5.4 Smolagents (HuggingFace)

from smolagents import CodeAgent, ToolCallingAgent, HfApiModel, tool

@tool
def get_weather(location: str) -> str:
    """Get weather for a location.

    Args:
        location: The city name to get weather for.
    """
    return f"Weather in {location}: 22C, sunny"

# Code Agent: Python 코드를 생성하고 실행
agent = CodeAgent(
    tools=[get_weather],
    model=HfApiModel("Qwen/Qwen2.5-72B-Instruct"),
)

result = agent.run("What's the weather in Seoul and Tokyo?")

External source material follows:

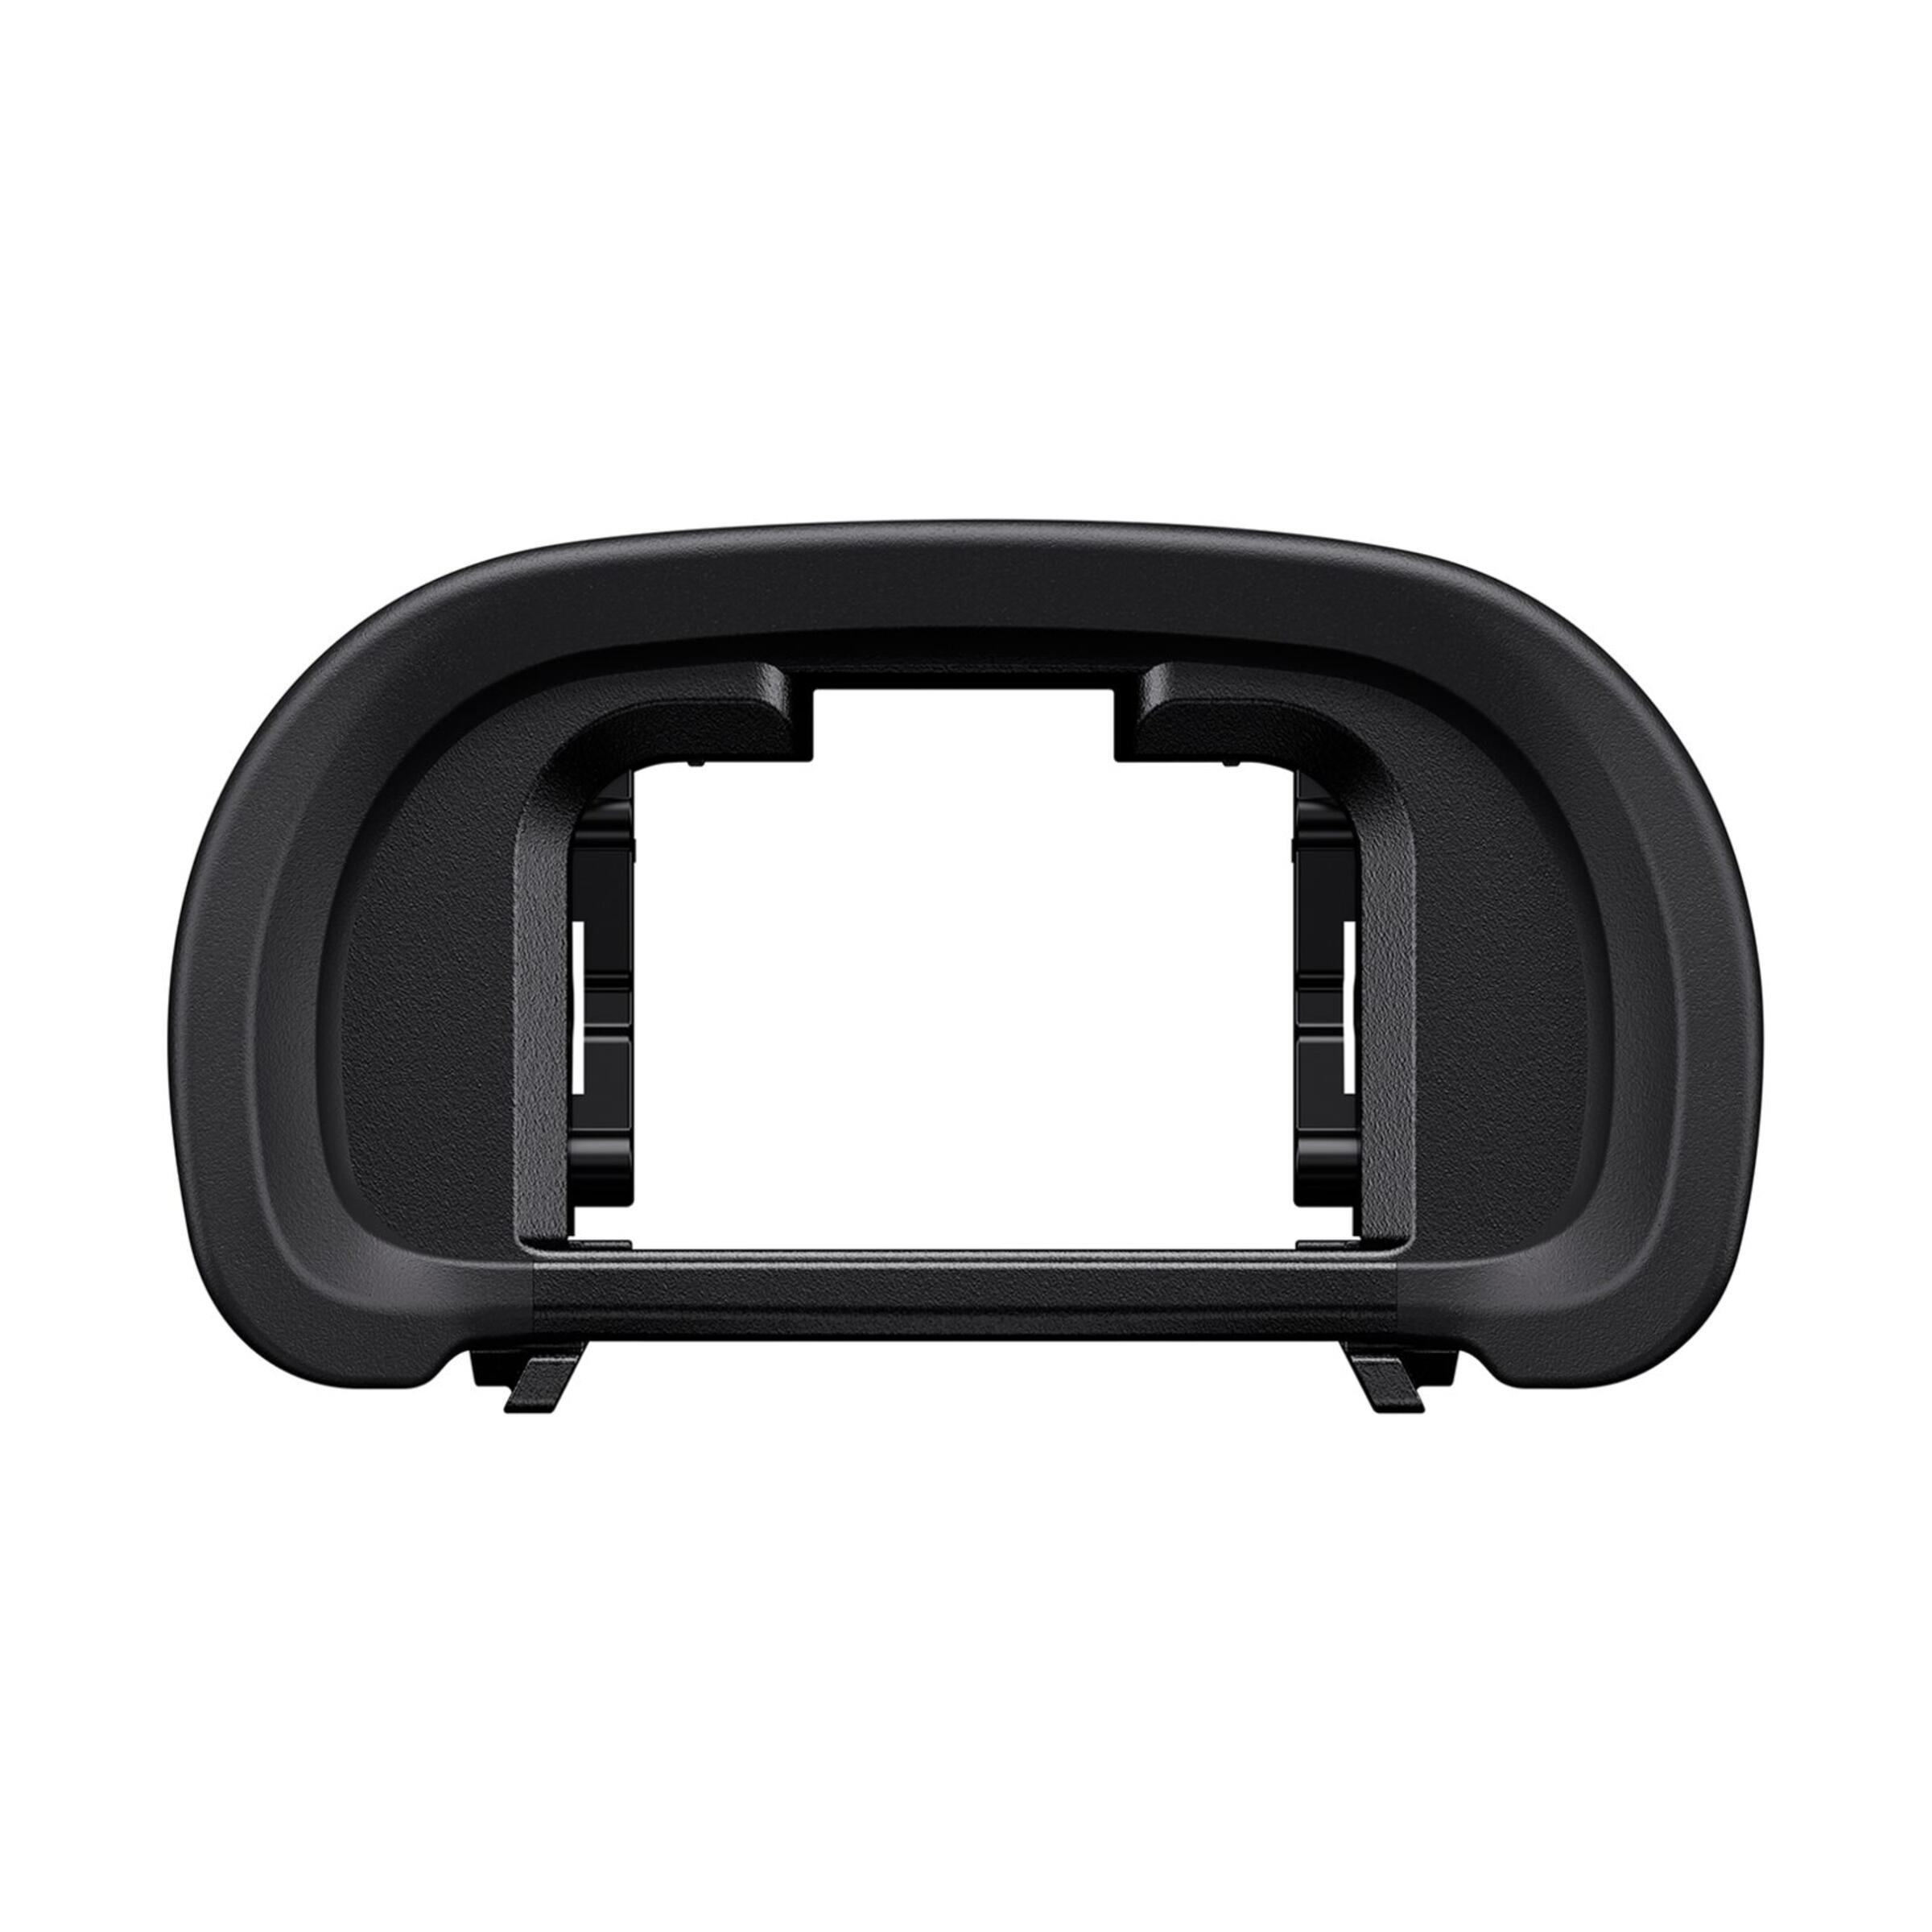 Sony Sony FDA-EP18 Augenmuschel

5.5 Claude Agent SDK (Anthropic)

import anthropic

client = anthropic.Anthropic()

# Claude의 에이전트 루프
tools = [
    {
        "name": "execute_python",
        "description": "Execute Python code and return the output",
        "input_schema": {
            "type": "object",
            "properties": {
                "code": {"type": "string", "description": "Python code to execute"}
            },
            "required": ["code"]
        }
    }
]

def agent_loop(user_message):
    messages = [{"role": "user", "content": user_message}]

    while True:
        response = client.messages.create(
            model="claude-sonnet-4-20250514",
            max_tokens=4096,
            tools=tools,
            messages=messages
        )

        # 텍스트 응답 수집
        if response.stop_reason == "end_turn":
            return extract_text(response.content)

        # Tool use 처리
        if response.stop_reason == "tool_use":
            messages.append({"role": "assistant", "content": response.content})
            tool_results = []
            for block in response.content:
                if block.type == "tool_use":
                    result = execute_tool(block.name, block.input)
                    tool_results.append({
                        "type": "tool_result",
                        "tool_use_id": block.id,
                        "content": str(result)
                    })
            messages.append({"role": "user", "content": tool_results})

5.6 프레임워크 비교표

특성	LangGraph	CrewAI	AutoGen	Smolagents	Claude SDK
개발사	LangChain	CrewAI	Microsoft	HuggingFace	Anthropic
패러다임	그래프 기반	역할 기반	대화 기반	코드 생성	루프 기반
멀티 에이전트	강력	핵심 기능	핵심 기능	기본	수동 구현
학습 곡선	높음	낮음	중간	낮음	낮음
커스터마이징	매우 높음	중간	높음	중간	매우 높음
프로덕션 안정성	높음	중간	중간	초기 단계	높음
상태 관리	내장 (체크포인트)	기본	기본	없음	수동
스트리밍	지원	미지원	미지원	미지원	지원
Human-in-the-loop	내장	미지원	지원	미지원	수동
오픈소스	Yes	Yes	Yes	Yes	SDK만
LLM 지원	다양함	다양함	다양함	HF 모델 중심	Claude 전용

6. Multi-Agent 아키텍처

6.1 Supervisor 패턴

하나의 조정자(Supervisor)가 전문 에이전트들을 관리합니다:

from langgraph.graph import StateGraph, MessagesState, START, END

def supervisor_node(state: MessagesState):
    """작업을 분석하고 적절한 에이전트에게 위임"""
    system_msg = """You are a supervisor managing a team of specialists:
    - researcher: for finding information
    - coder: for writing and reviewing code
    - writer: for creating content

    Based on the user request, decide which agent should handle it.
    Respond with the agent name: 'researcher', 'coder', or 'writer'.
    If the task is complete, respond with 'FINISH'."""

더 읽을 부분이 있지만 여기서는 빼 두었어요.